-- Directions --
Reproduce all of the data exactly. Images are not to appear in the reply.

-- Given material --
◆ ◆ ◆ ◆ ◆ ◆ ◆

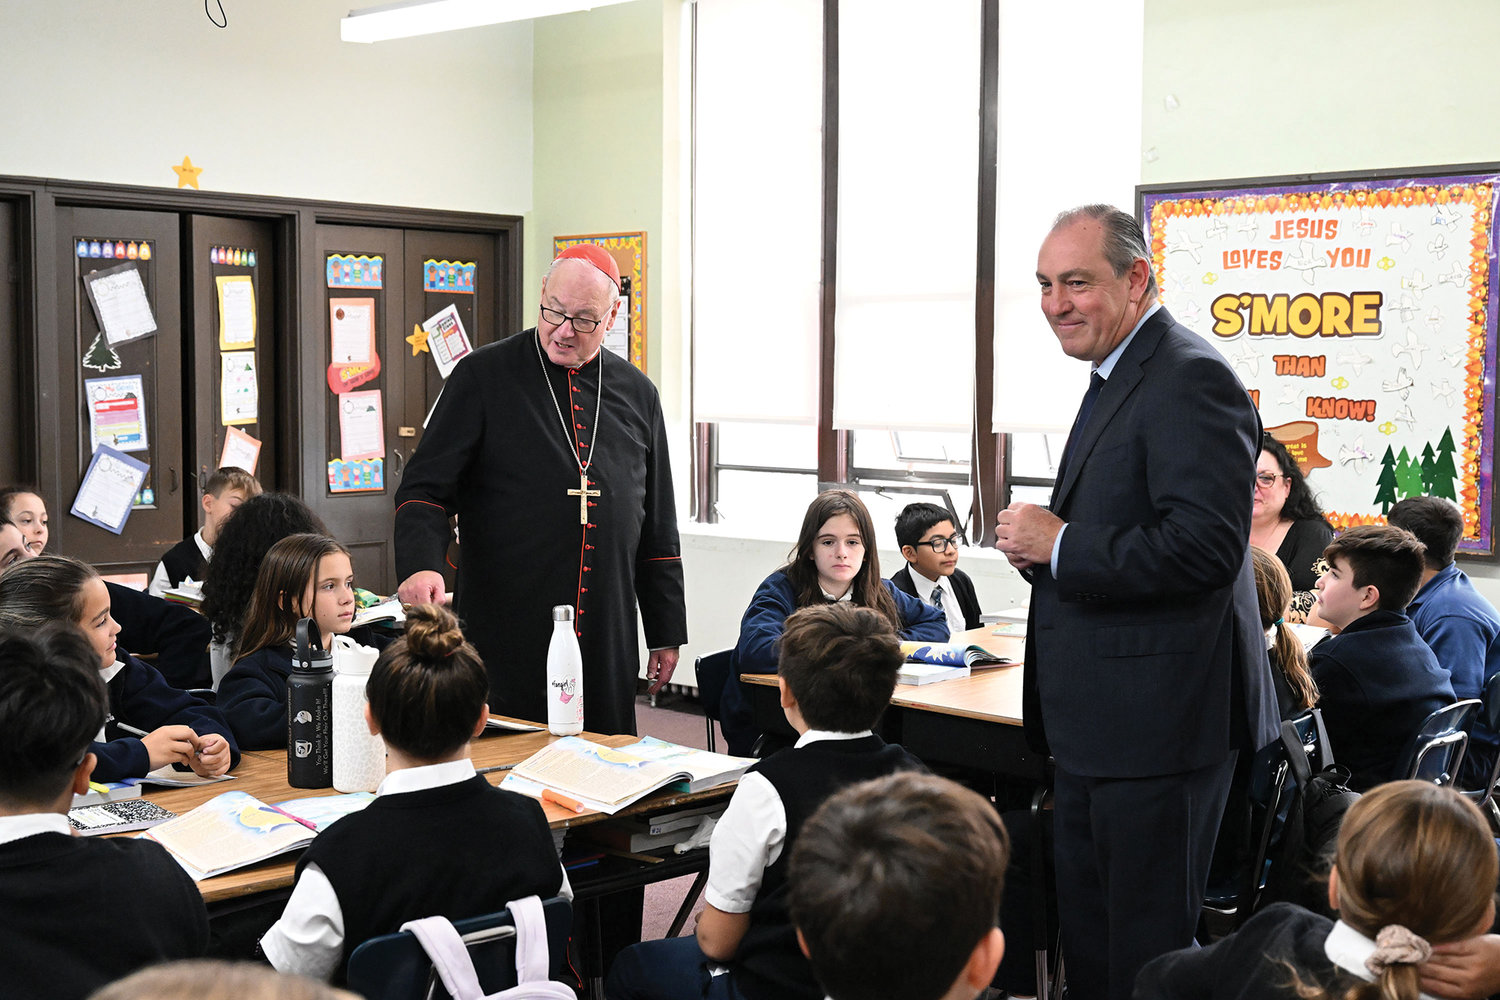 ASSISTING CATHOLIC SCHOOLS—Cardinal Dolan and Staten Island Borough President Vito J. Fossella visit a classroom at Blessed Sacrament School on Staten Island Oct. 24 after Fossella announced $457,300 in funding to sports and arts programs for all students at 21 Catholic schools in the borough.
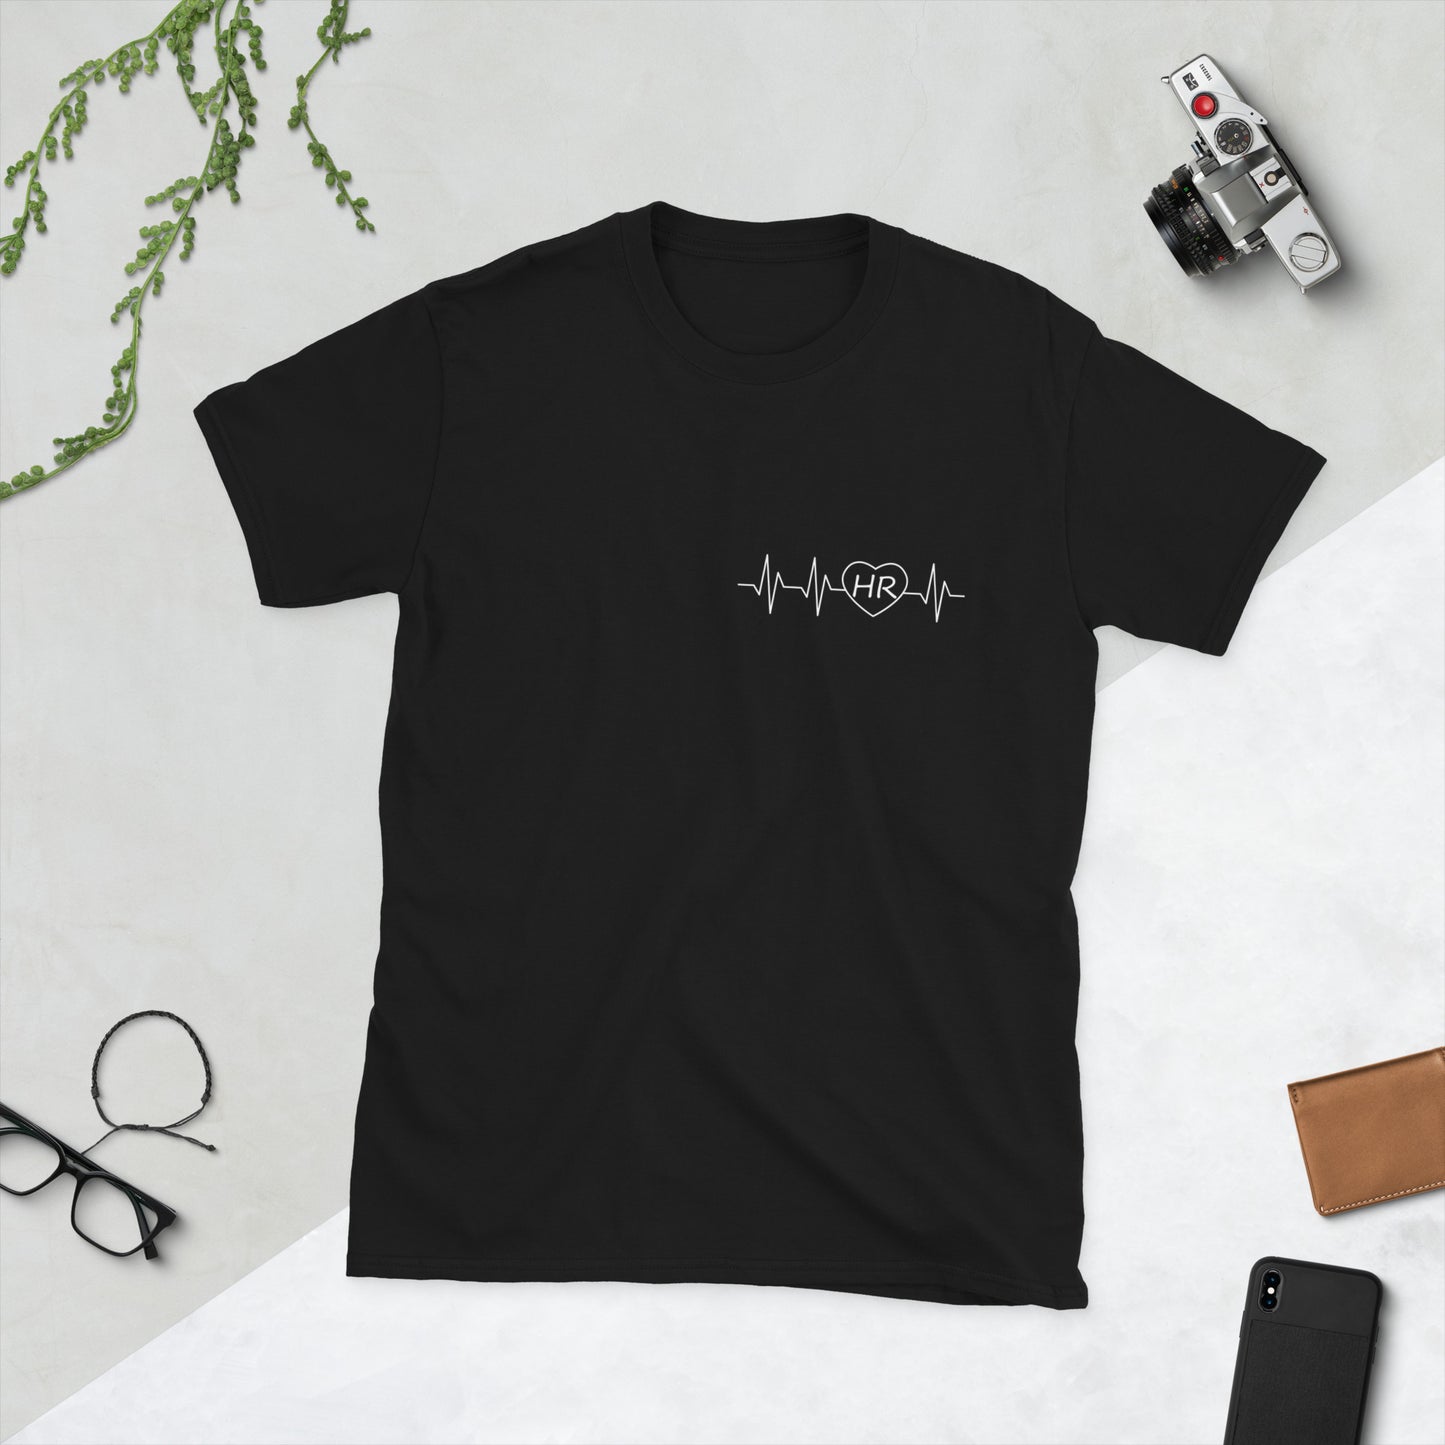 Unisex t-shirt: "I love human resources", with heartbeats
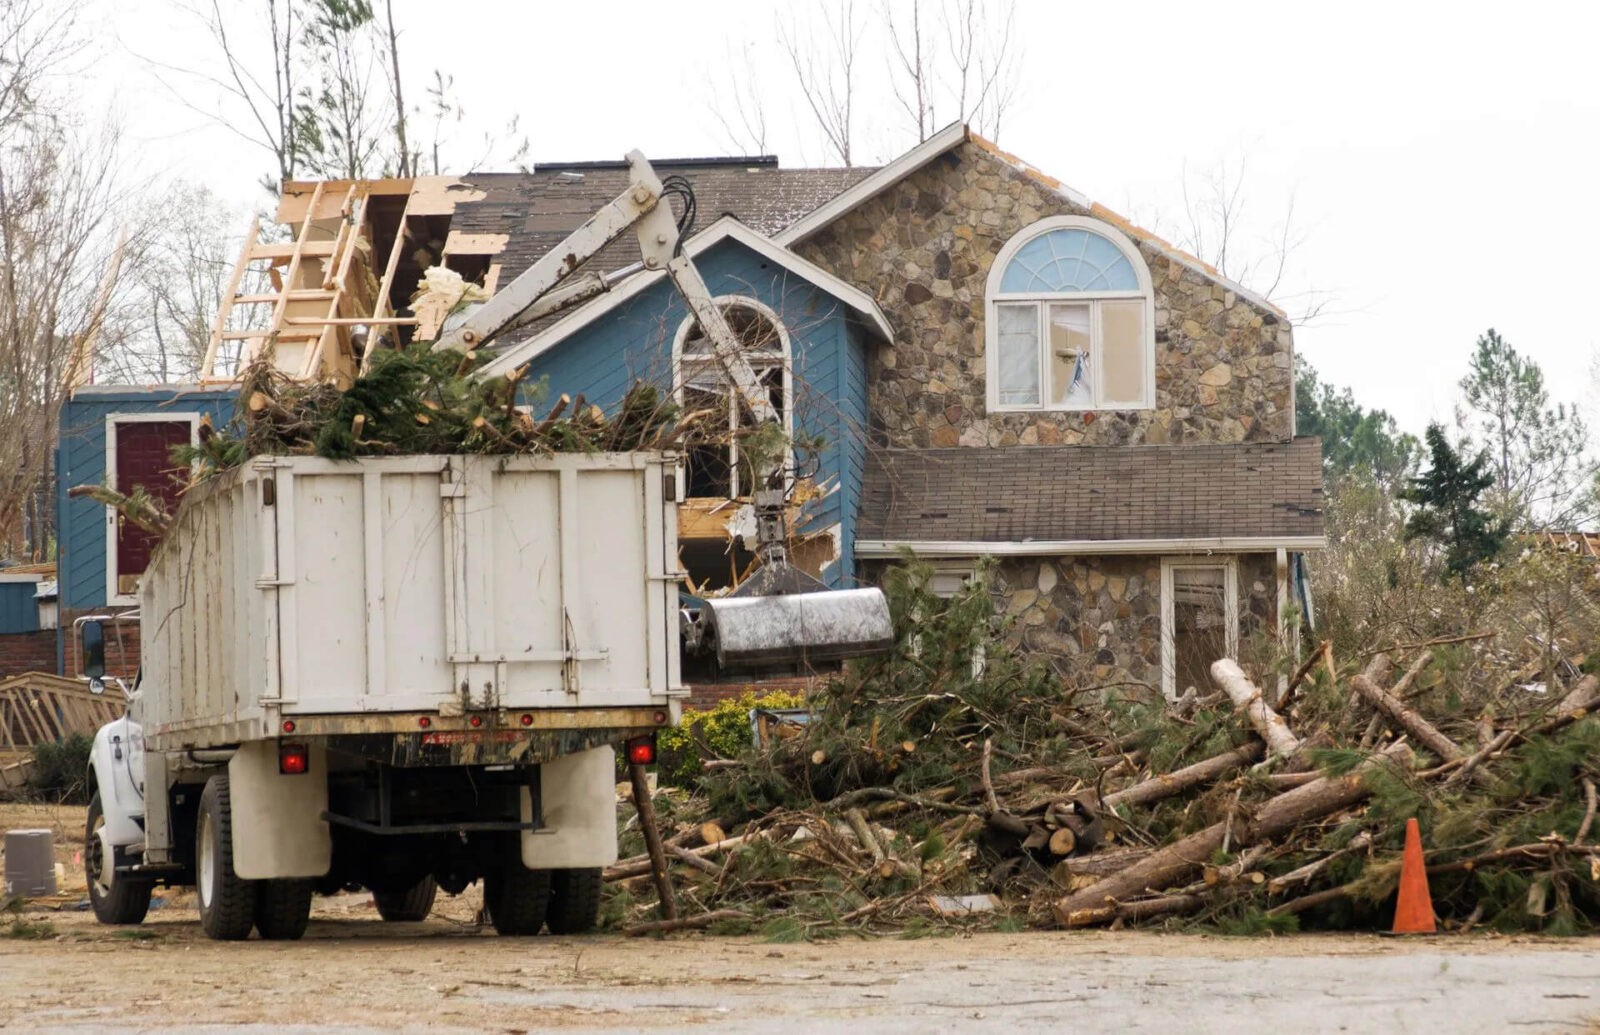 Damage Control Why You Should Let the Experts Handle Storm Aftermath
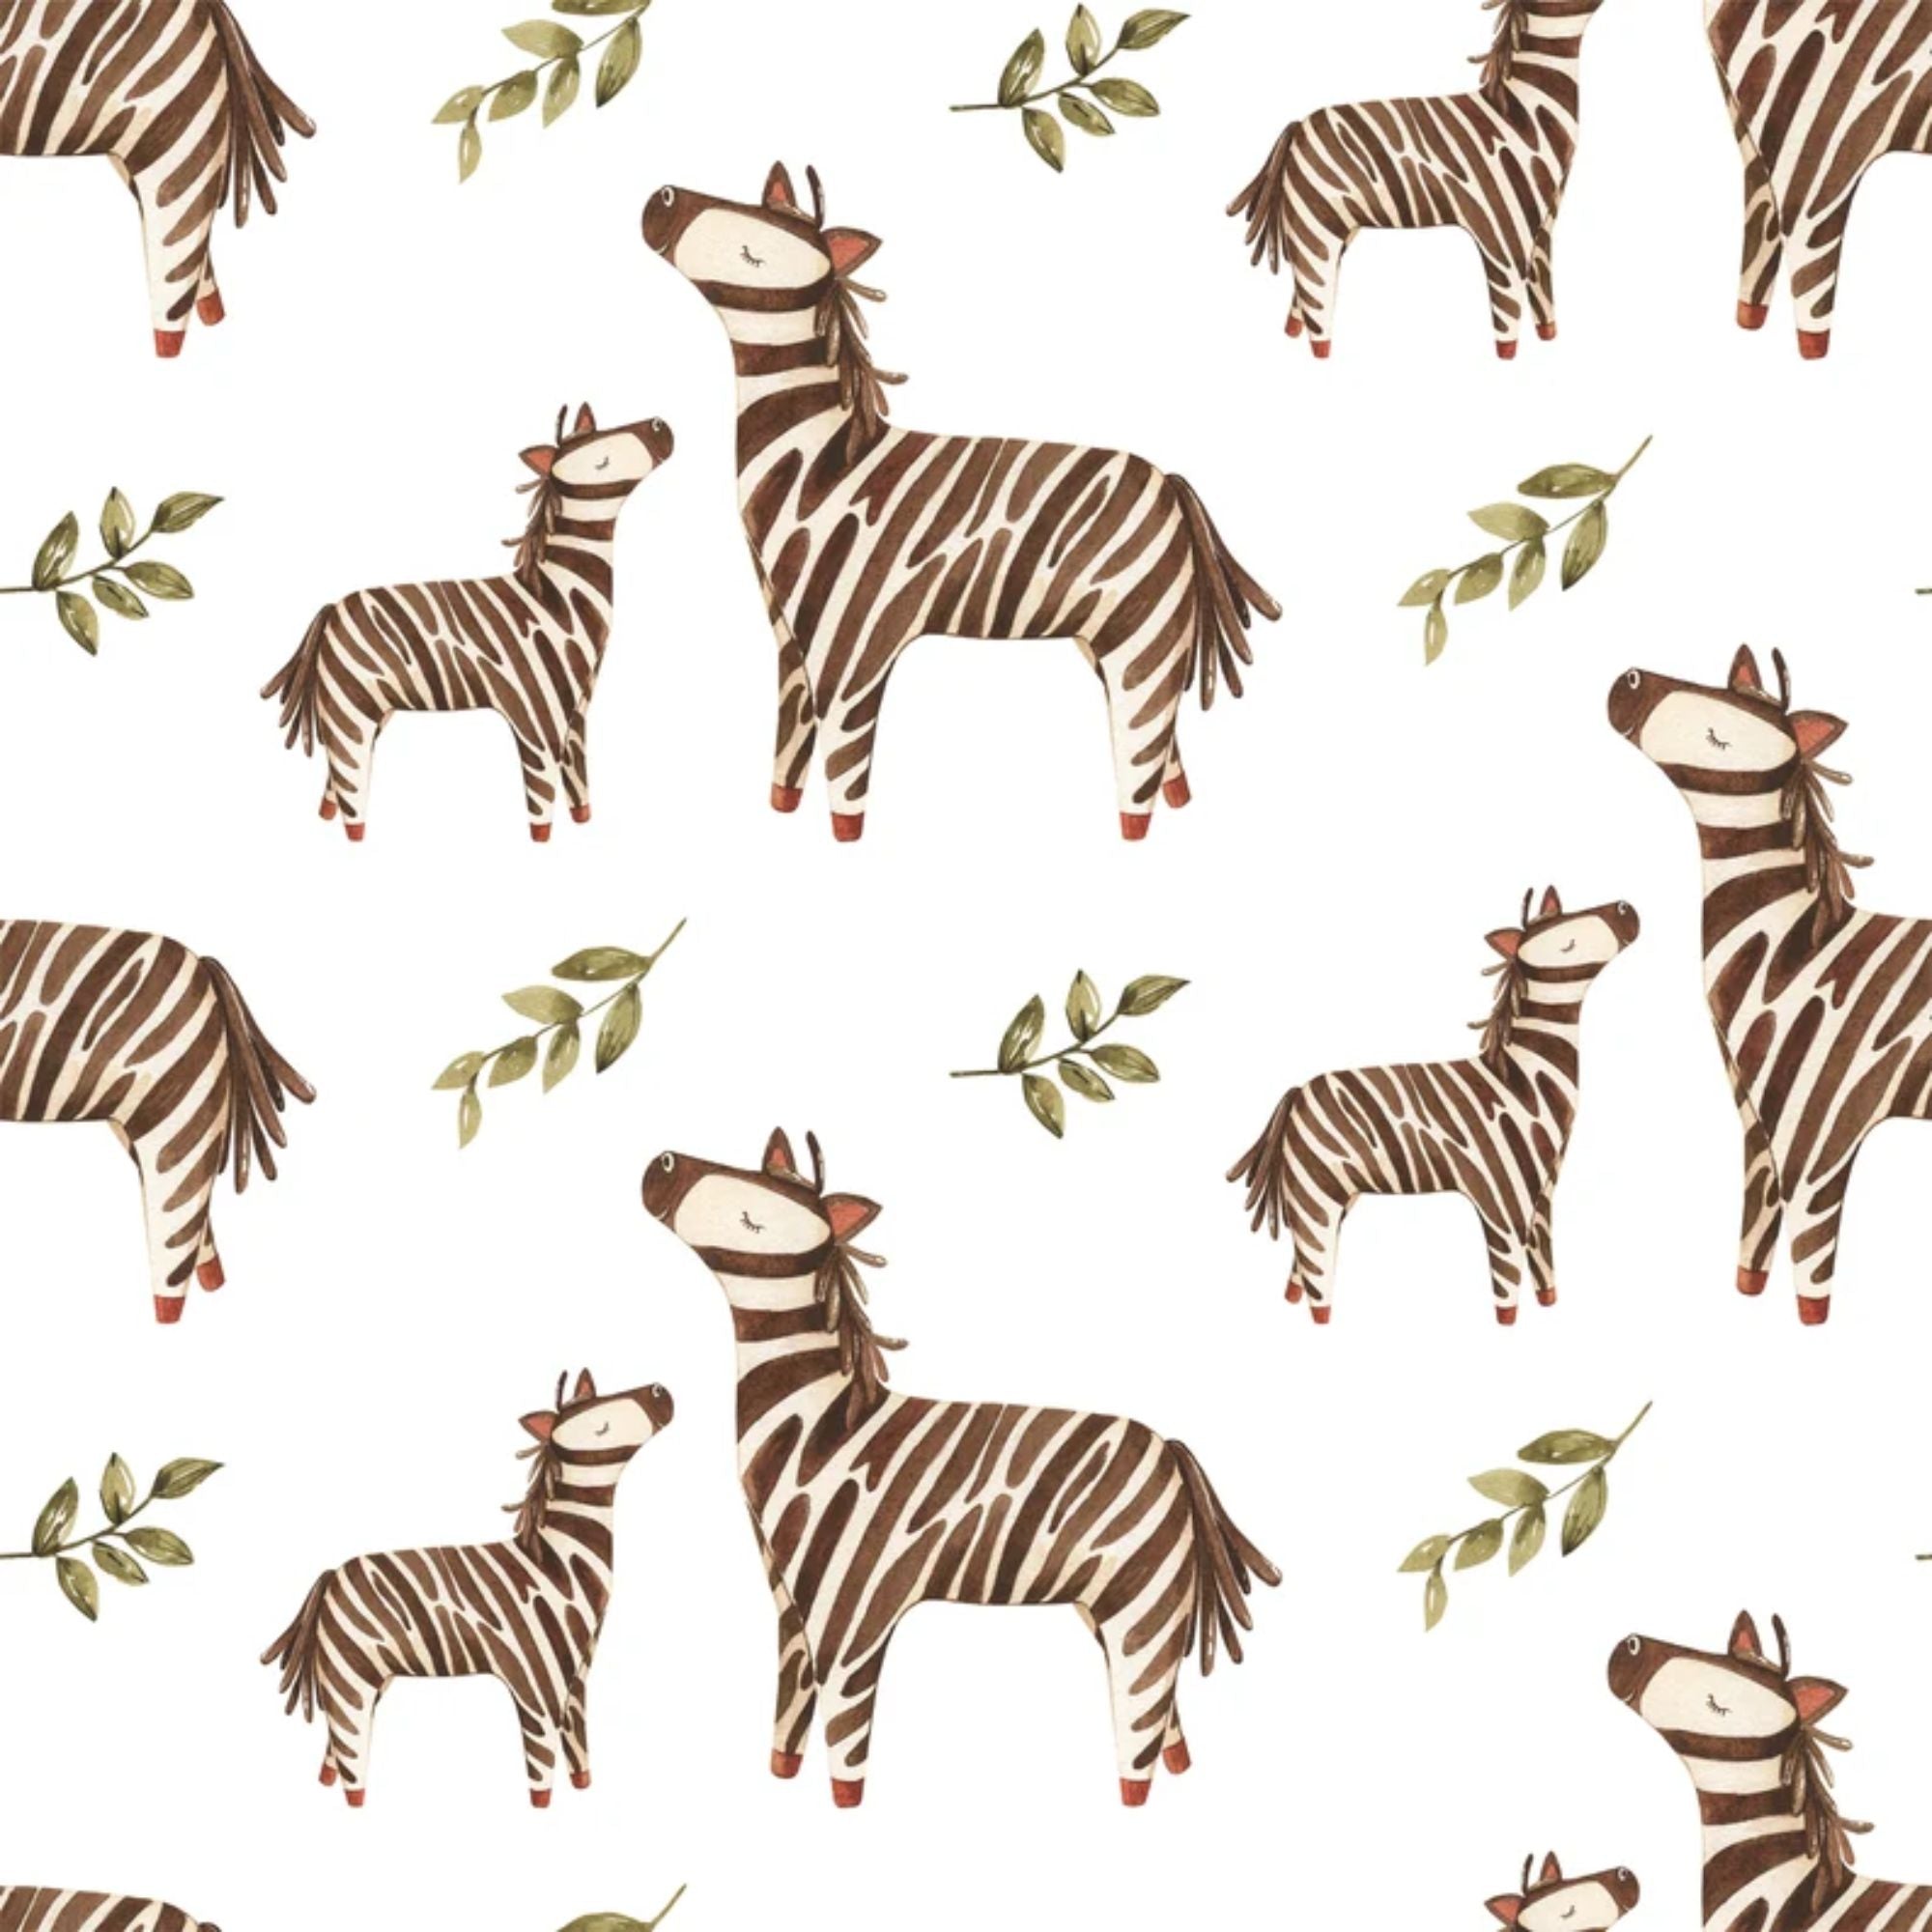 Playful watercolor zebra pattern with green foliage accents for children's room decor

◆ ◆ ◆ ◆ ◆ ◆ ◆

-- Result for this task --
 ASSISTING CATHOLIC SCHOOLS—Cardinal Dolan and Staten Island Borough President Vito J. Fossella visit a classroom at Blessed Sacrament School on Staten Island Oct. 24 after Fossella announced $457,300 in funding to sports and arts programs for all students at 21 Catholic schools in the borough.
 Unisex t-shirt: "I love human resources", with heartbeats
 Damage Control Why You Should Let the Experts Handle Storm Aftermath
 Playful watercolor zebra pattern with green foliage accents for children's room decor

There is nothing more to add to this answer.